5. download ftp://files.citrix.com/dneupdate.msi for 32-bit or ftp://files.citrix.com/dneupdate64.msi and run the relevant file..
6. Reboot
7. Reinstall the VPN Client.
8. Reboot.
9. The Cisco VPN client should now connect and allow traffic to pass.

This seems to be a problem with DNE, which appears to do some pretty important things with VPN traffic, more information on it is available here: https://www.citrix.com/go/lp/dne.html

I hope this saves you time, and stress, in the future.



I have seen this resolve problems in similar circumstances with WatchGaurd  as well as Cisco ASA’s (5505 or 5510) VPNs aswell, only they actually don’t seem to connect at all, I haven’t seen the error message but if I find it I’ll put it here. Thanks to “The other Martin” for the tip.

2 thoughts on “VPN connects but no traffic passes”
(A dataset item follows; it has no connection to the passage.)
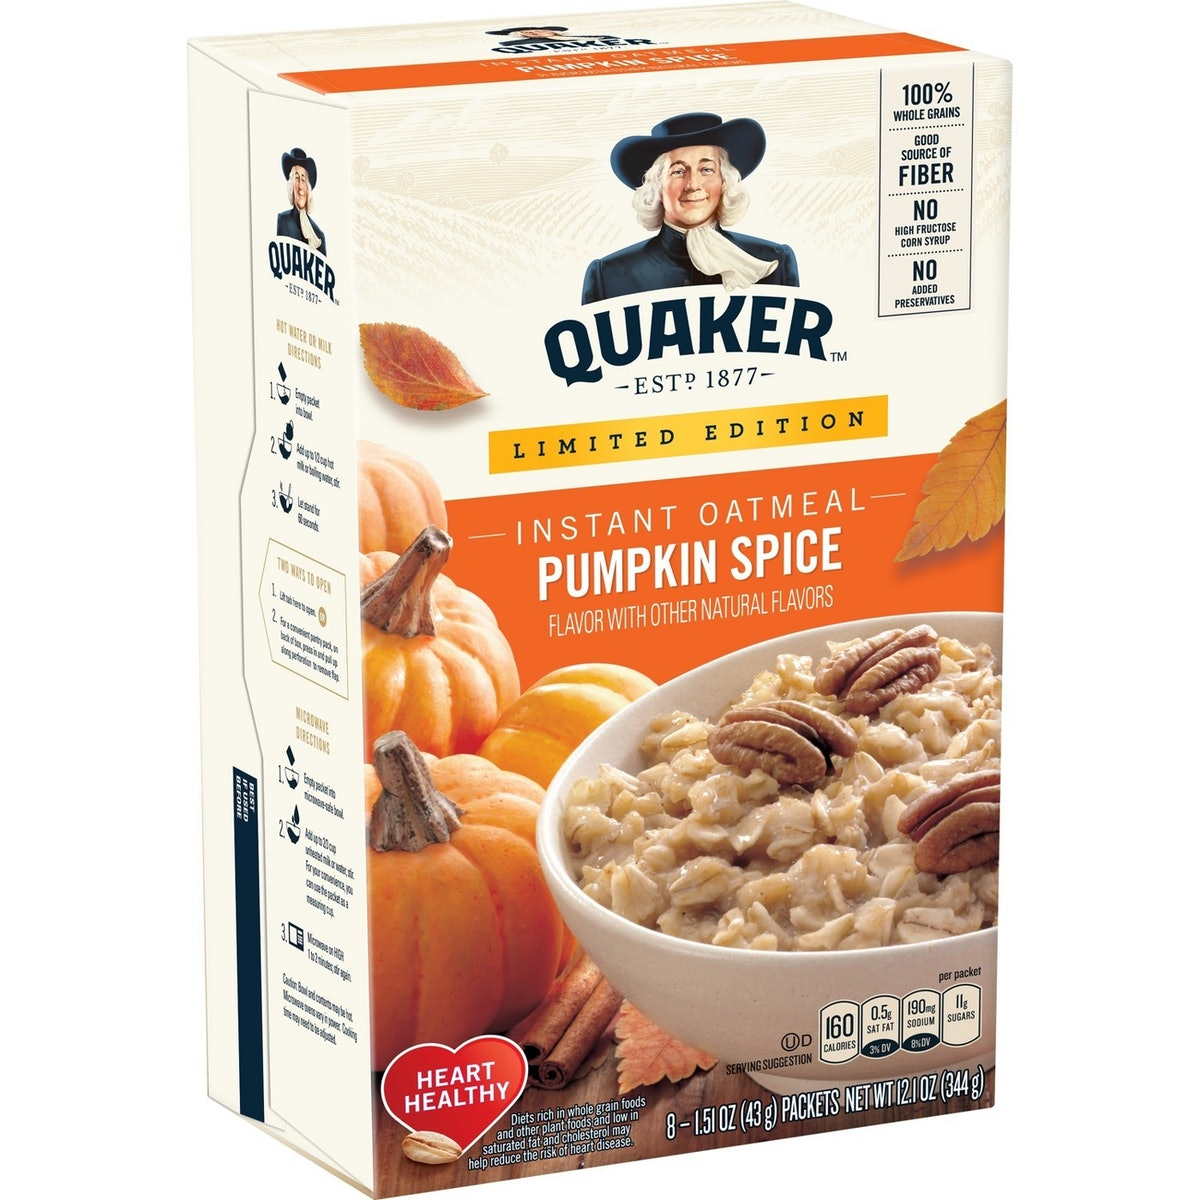 Quaker Pumpkin Spice Oatmeal
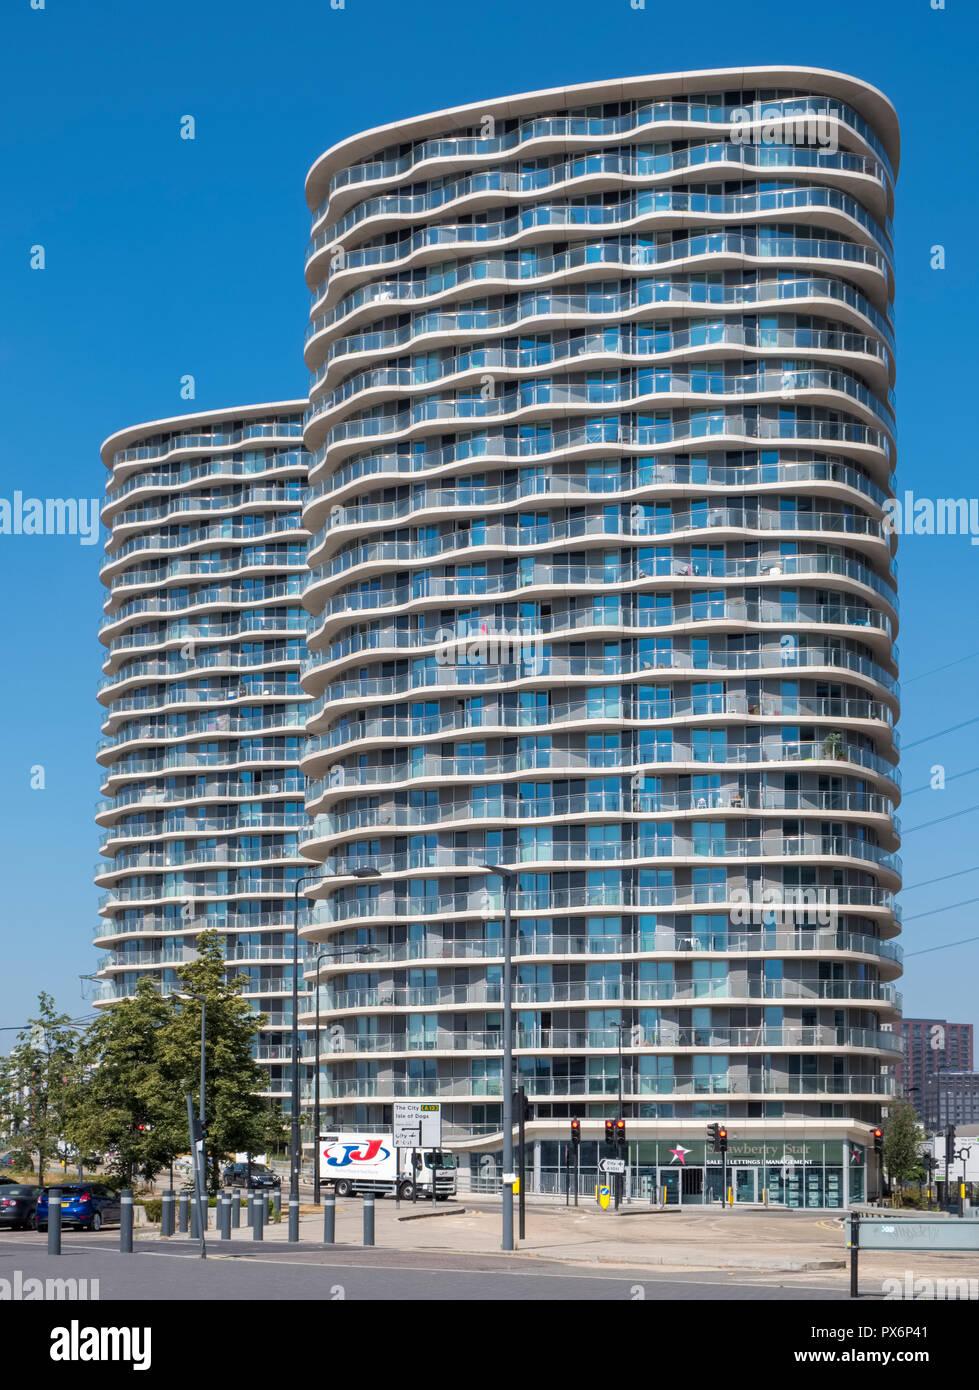 High-rise apartment Gebäude am Royal Victoria Dock, London, England, UK, moderne Architektur Stockbild

  1. Had these in two offices (West Coast/NYC) for a litlte over a week. The firmware is highly unstable, even after being upgraded to the latest version from Cisco. These were installed by a highly-rated Cisco partner firm for our offices, and after trying to get the most basic features to stick we’ve all simply given up. The VPN is extremely slow and volatile, settings do not stick in the firmware (“Hey, didn’t I just make that a UDP port forward? Why does it default to TCP when the setting is applied and saved?”), DNS errors (that Cisco acknowledged and “fixed”) caused unpredictable browsing and Web services for users, there’s no command-line interface only GUI, and port forwarding simply does not (even when Cisco support tried to fix it). Terrible routers that it turns out are re-branded Linksys (remember, Cisco bought Linksys not too long ago). Save yourself a headache and start with a 5505 if you’re looking at this price point.